I tried several local utilities and options but couldn't find a reliable way to determine if a site would resolve under systemd-resolved with DNSSEC enabled other than using systemd-resolve with DNSSEC enabled. It seemed like any time dnsviz.net shows an error the domain will not resolve, but some things it shows as warnings also cause sites to not resolve while other warnings do not. My favorite is that Verisign's DNSSEC validator's domain fails to resolve with DNSSEC enabled.

Possibly some or all of this is systemd-resolved doing the wrong thing, however the errors and warnings on dnsviz.net make me think this is not the case. www.google.com, for example, does not show any warnings or errors.

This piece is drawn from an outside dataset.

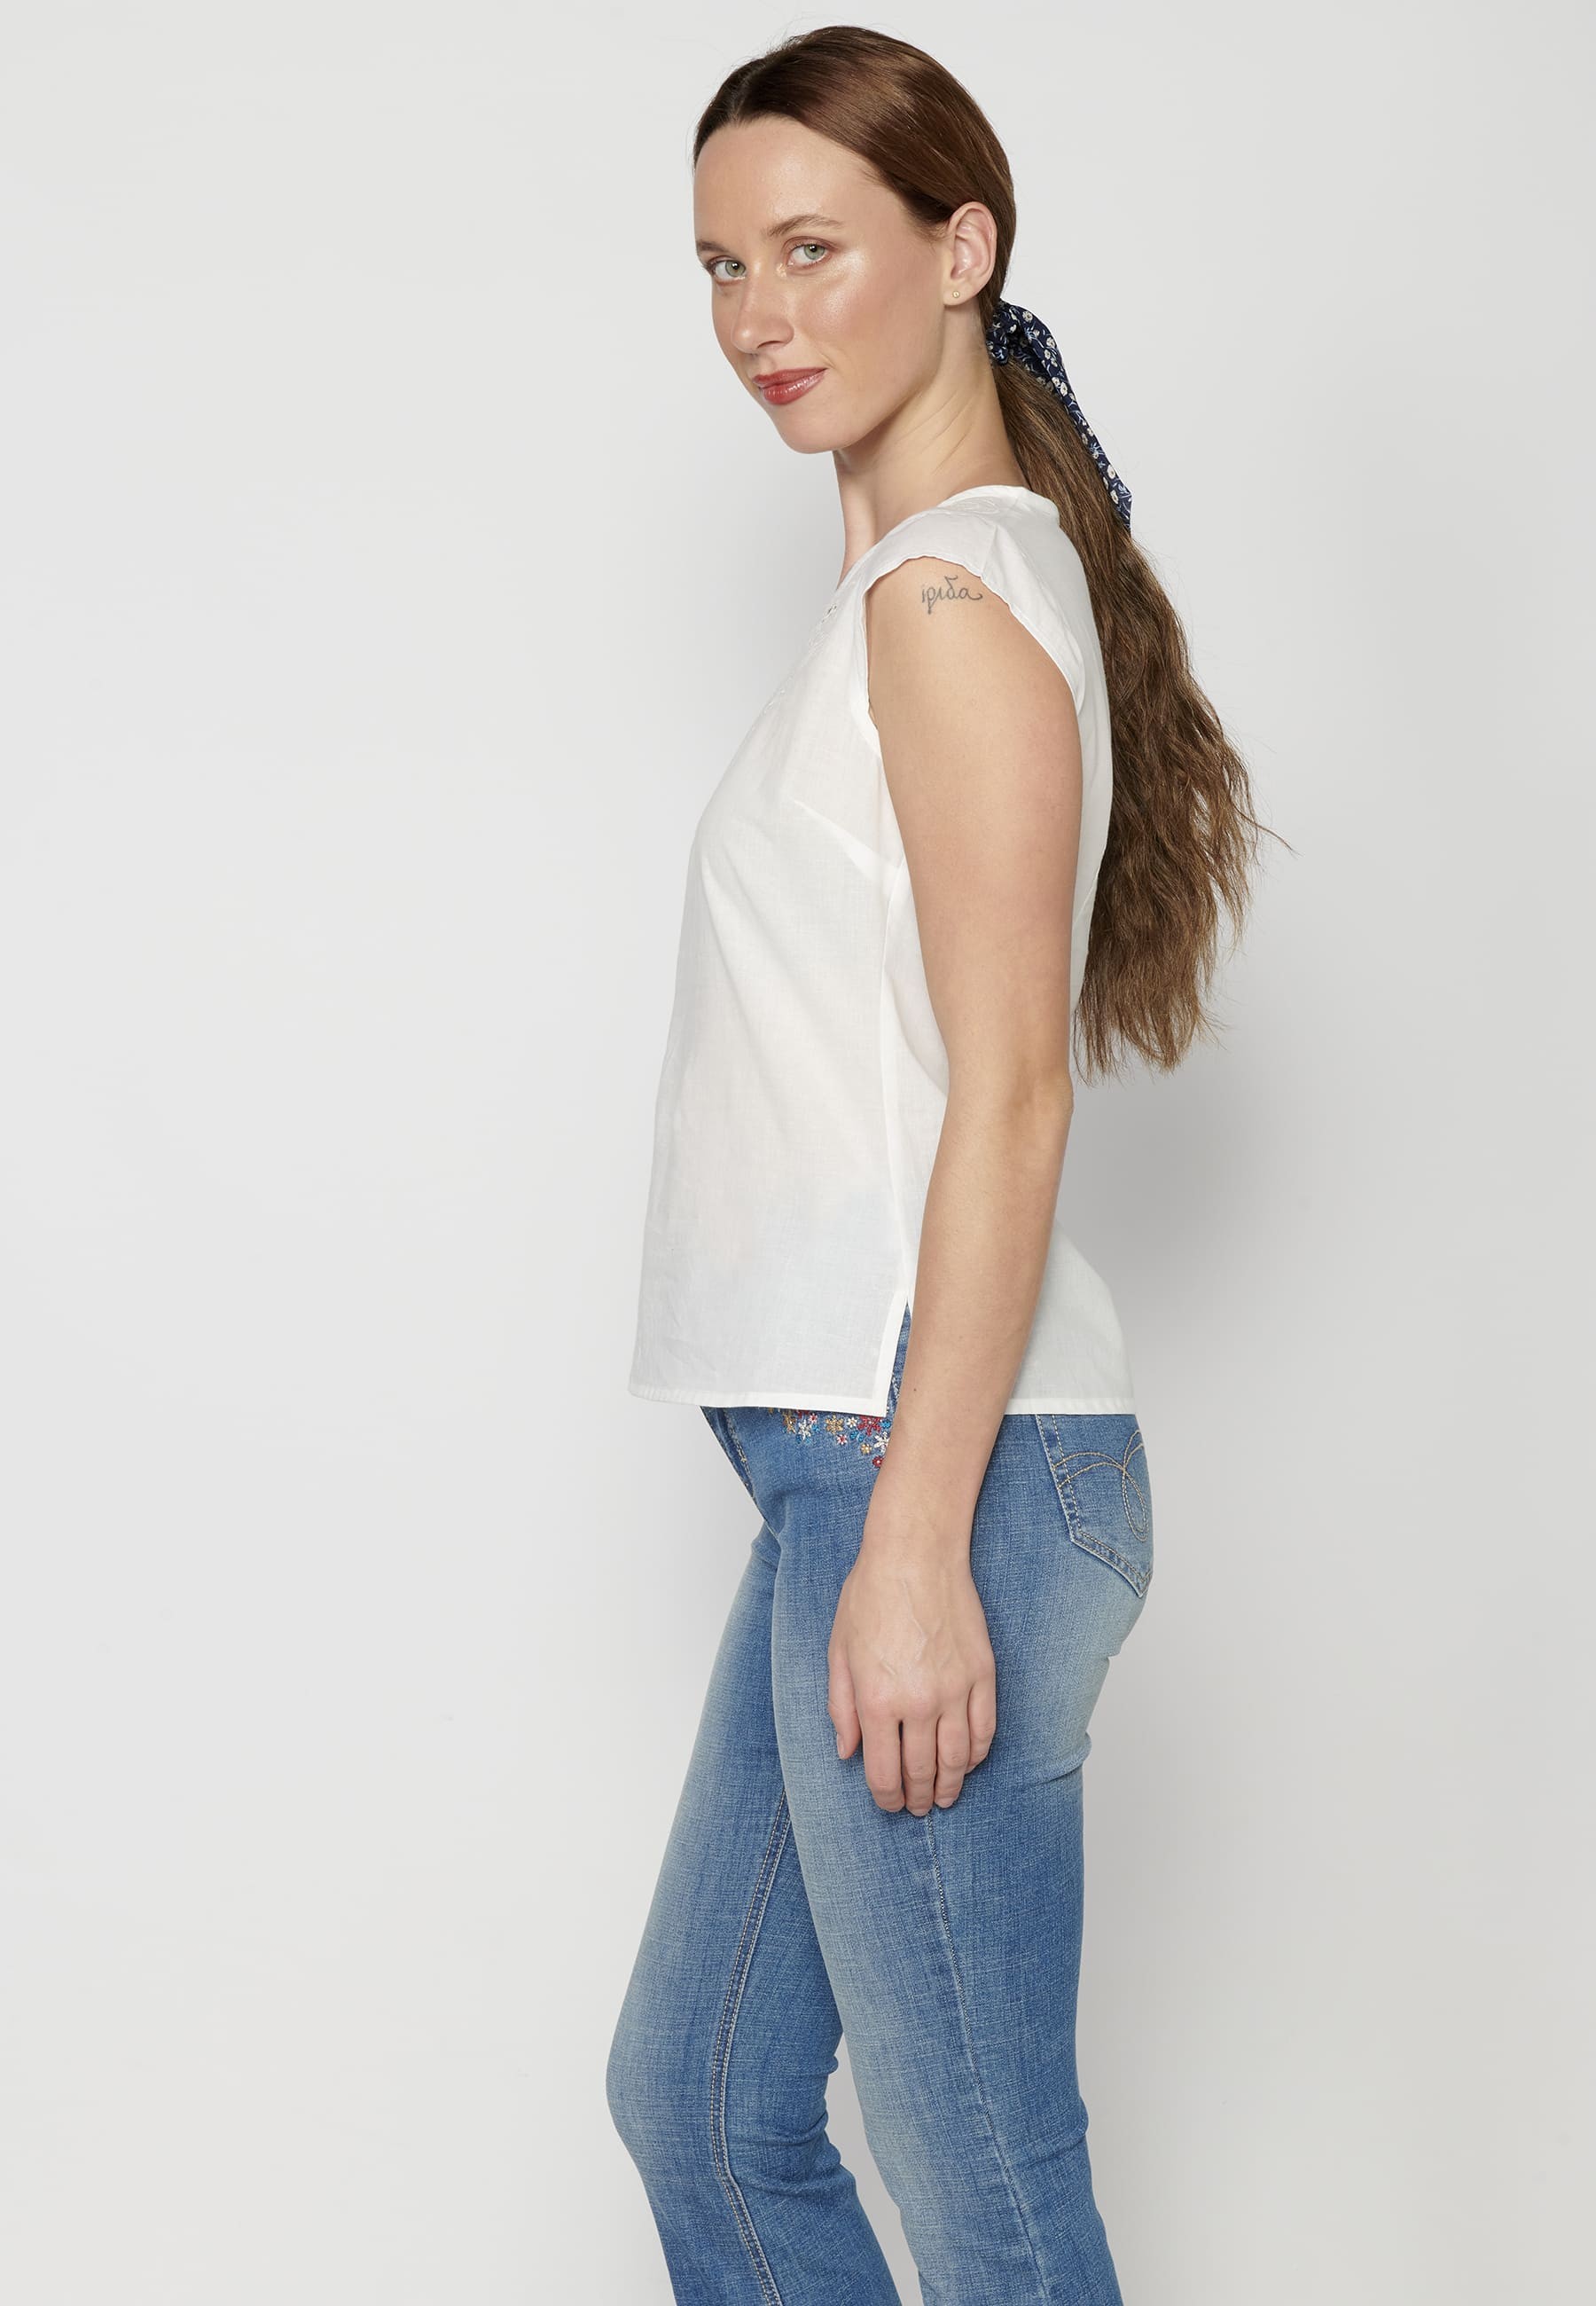 Blusa manga corta de Algodón de color Blanco para Mujer

GOOGLE.COM is also not DNSSEC-signed. Seriously, almost nothing is.
Right, but my point is "not DNSSEC-signed" does not seem to be the same as "free of configuration errors that prevent resolution of the name with DNSSEC enabled".
Which configuration errors would those be? Without a DS record, there's no DNSSEC happening at the resolver, is there?
I tried looking again and found that it is systemd-resolved's error at least in the developer.apple.com case (the Verisign one is a bit different but potentially might also be a systemd-resolved issue). It seems the issue is that the servers for g.applimg.com are completely DNSSEC-unaware and querying the DS record somehow doesn't work the way DNSSEC wants it to even in the "no DNSSEC" case, however the parent zone correctly indicates that there is no DNSSEC so it should be accepted.

https://github.com/systemd/systemd/issues/9867#issuecomment-...

It sounds like systemd-resolved has had a bunch of issues like that where it fails (or previously failed) on things that would be an issue if DNSSEC was enabled but shouldn't due to DNSSEC not being used. I'll stop blaming DNSSEC.